Recorded information:
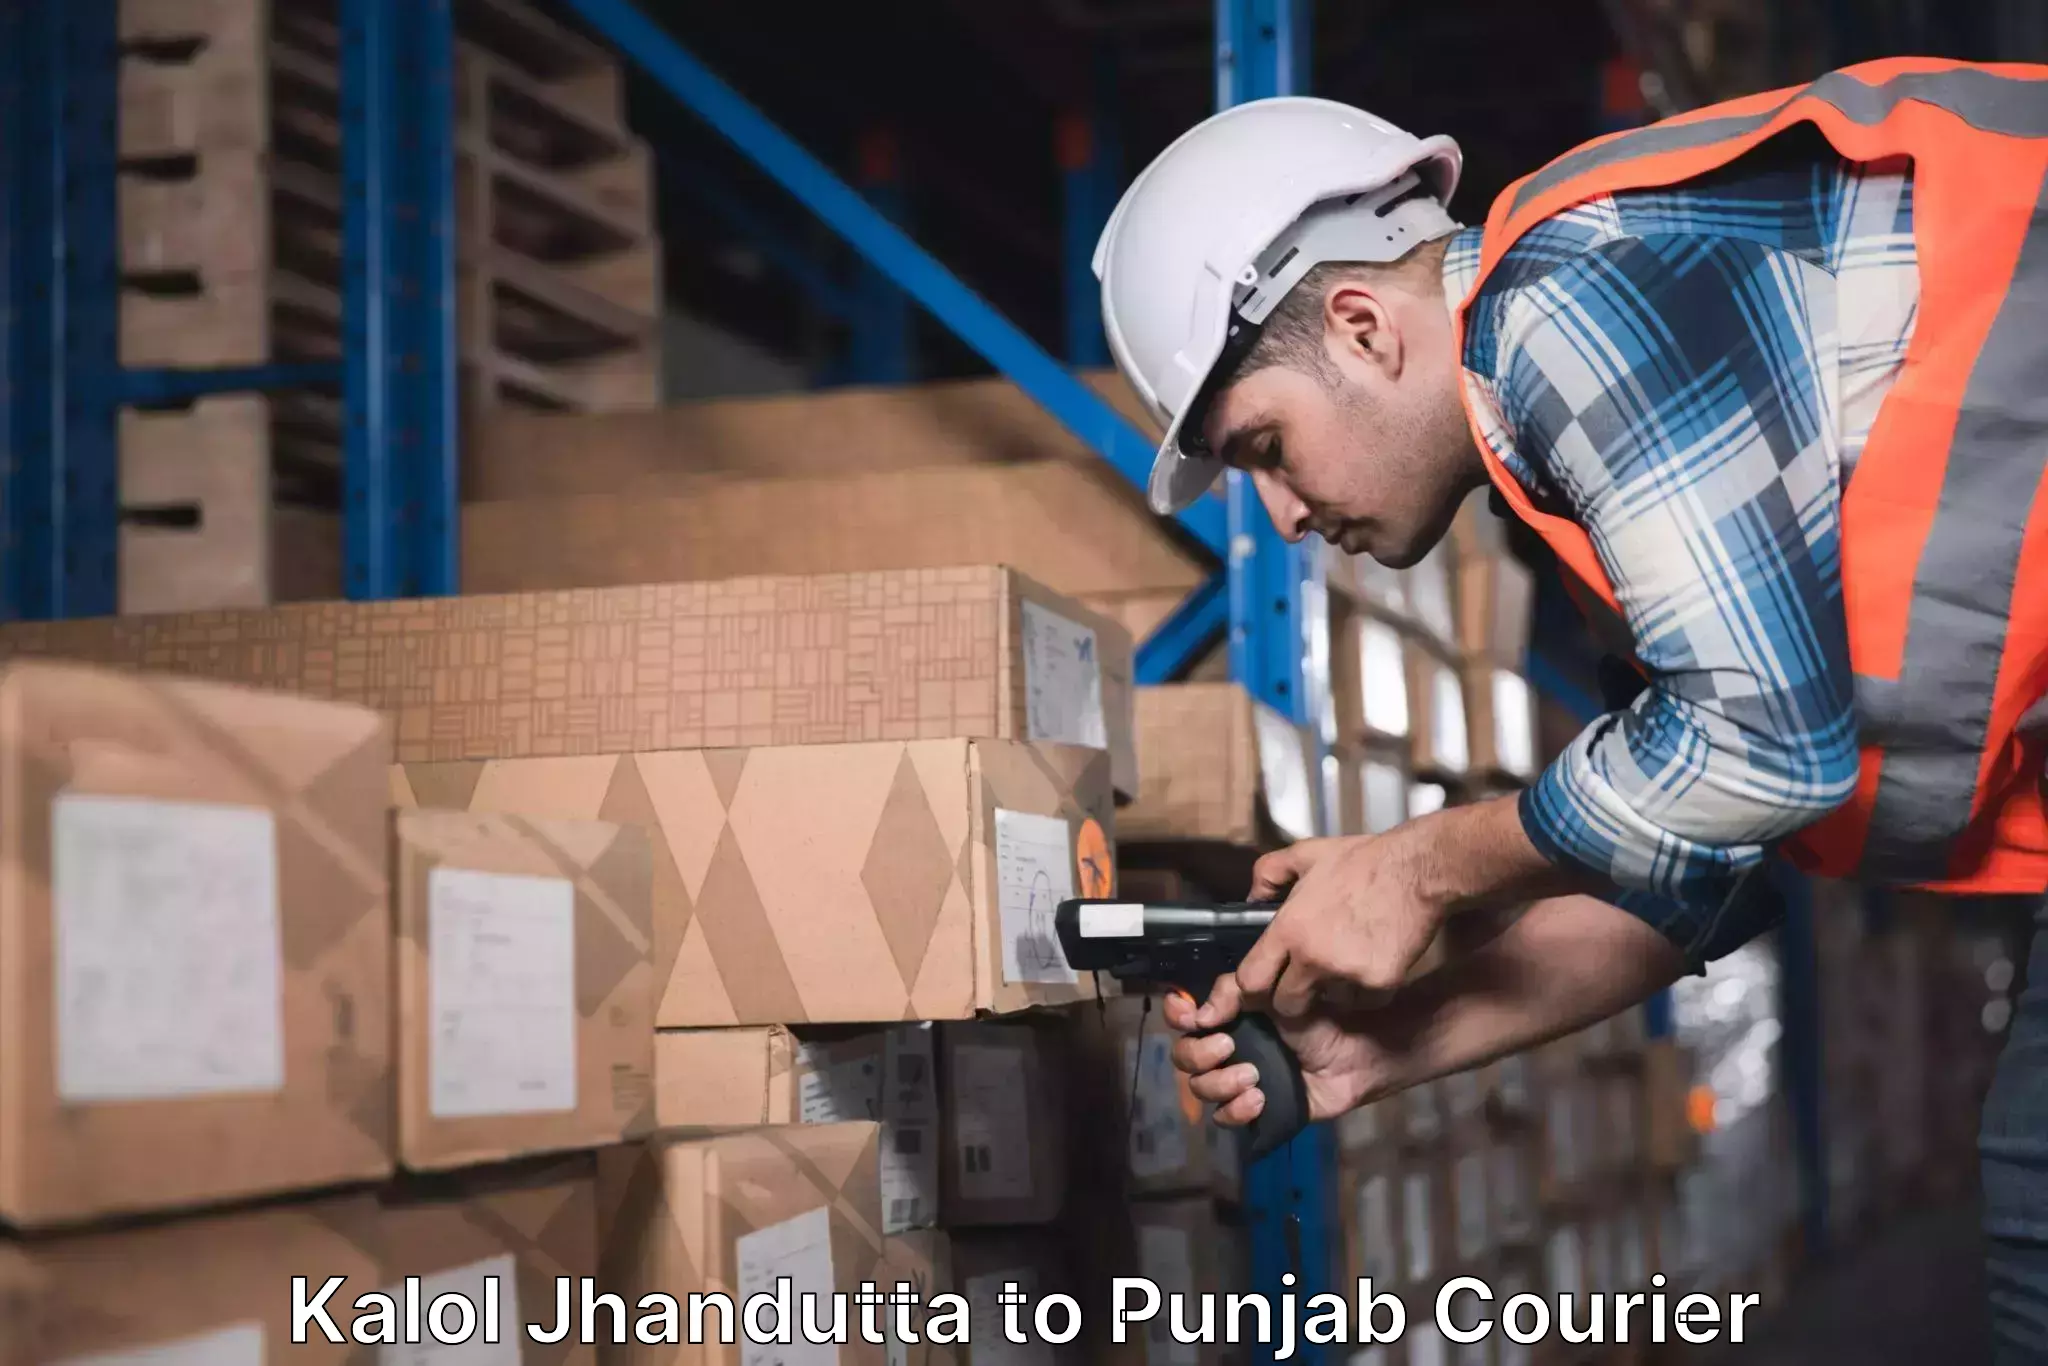 Efficient parcel service Kalol Jhandutta to Ajnala
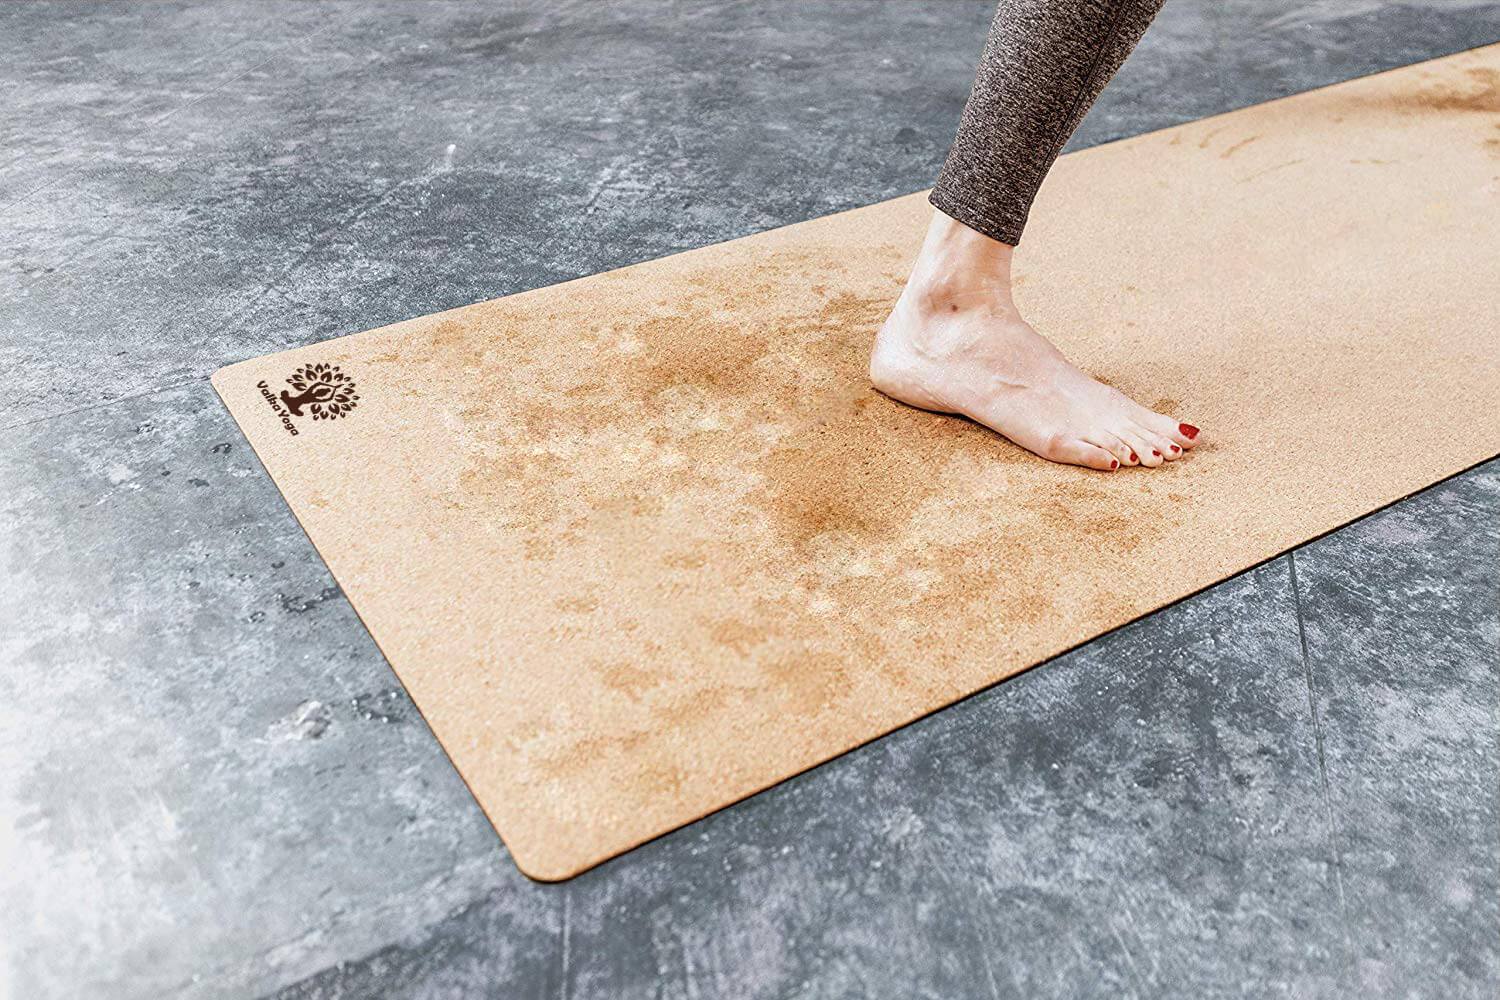 Cork yoga mat by Yoloha 
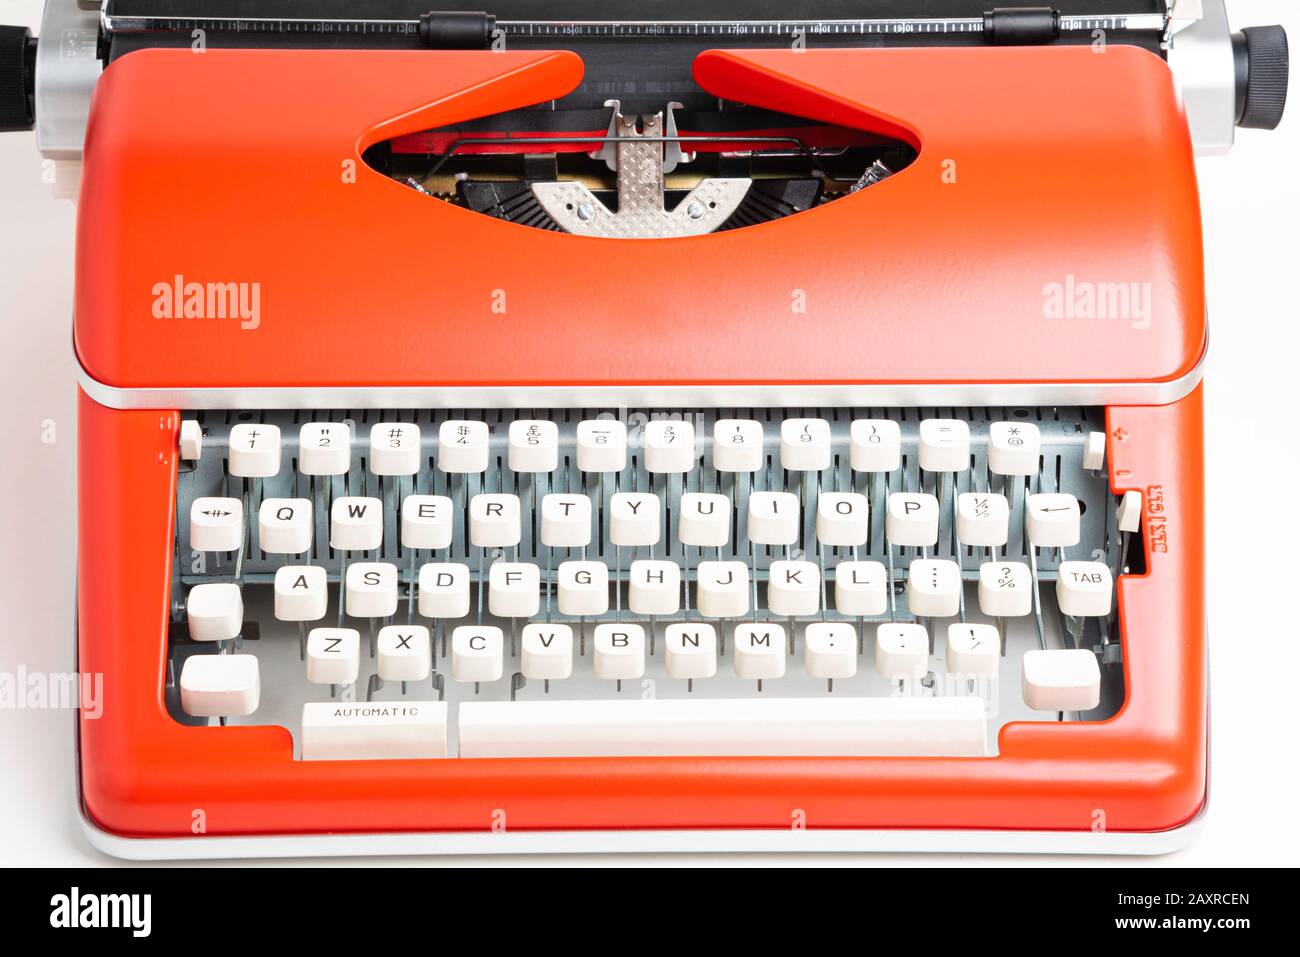 https://c8.alamy.com/compes/2axrcen/estudio-de-una-maquina-de-escribir-manual-portatil-de-estilo-retro-con-teclado-de-plastico-de-color-marfil-y-carcasa-de-metal-rojo-naranja-2axrcen.jpg
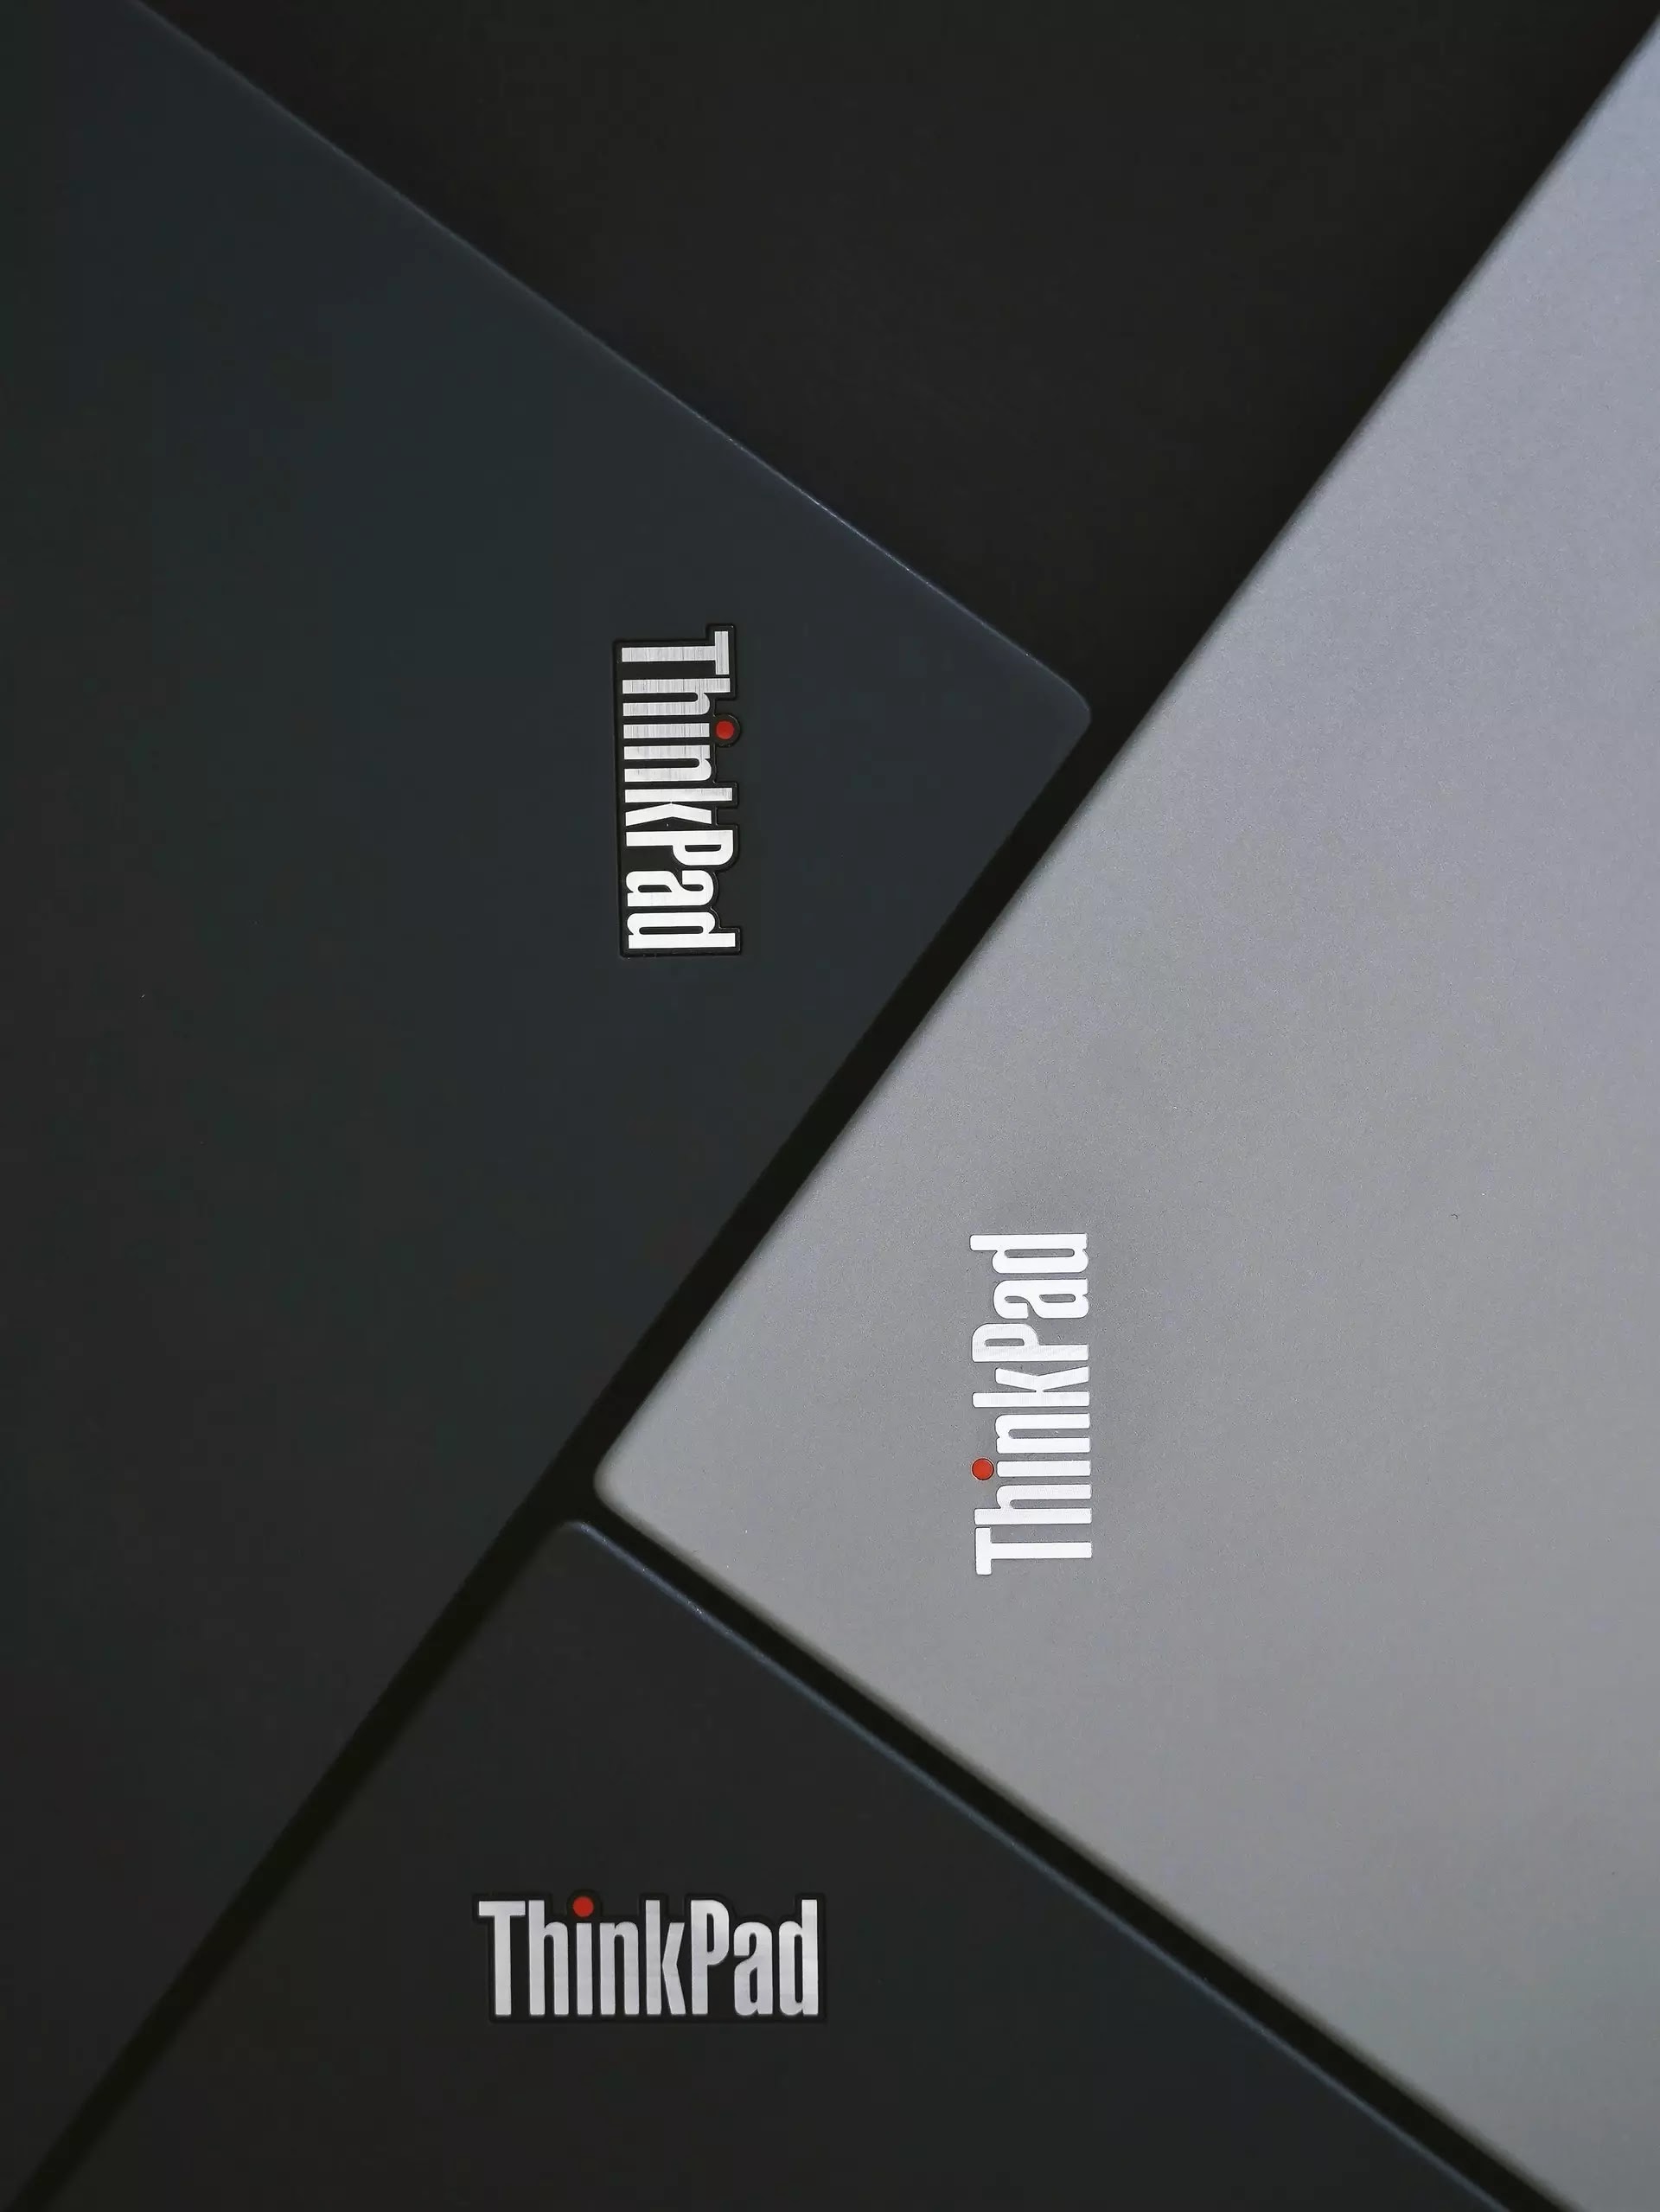 Lenovo ThinkPad Wallpaper HD

Try it:
In your copy of the material, every word must match and no image should appear.

Solution for this exercise:
 Efficient parcel service Kalol Jhandutta to Ajnala
 Cork yoga mat by Yoloha 
 https://c8.alamy.com/compes/2axrcen/estudio-de-una-maquina-de-escribir-manual-portatil-de-estilo-retro-con-teclado-de-plastico-de-color-marfil-y-carcasa-de-metal-rojo-naranja-2axrcen.jpg
 Lenovo ThinkPad Wallpaper HD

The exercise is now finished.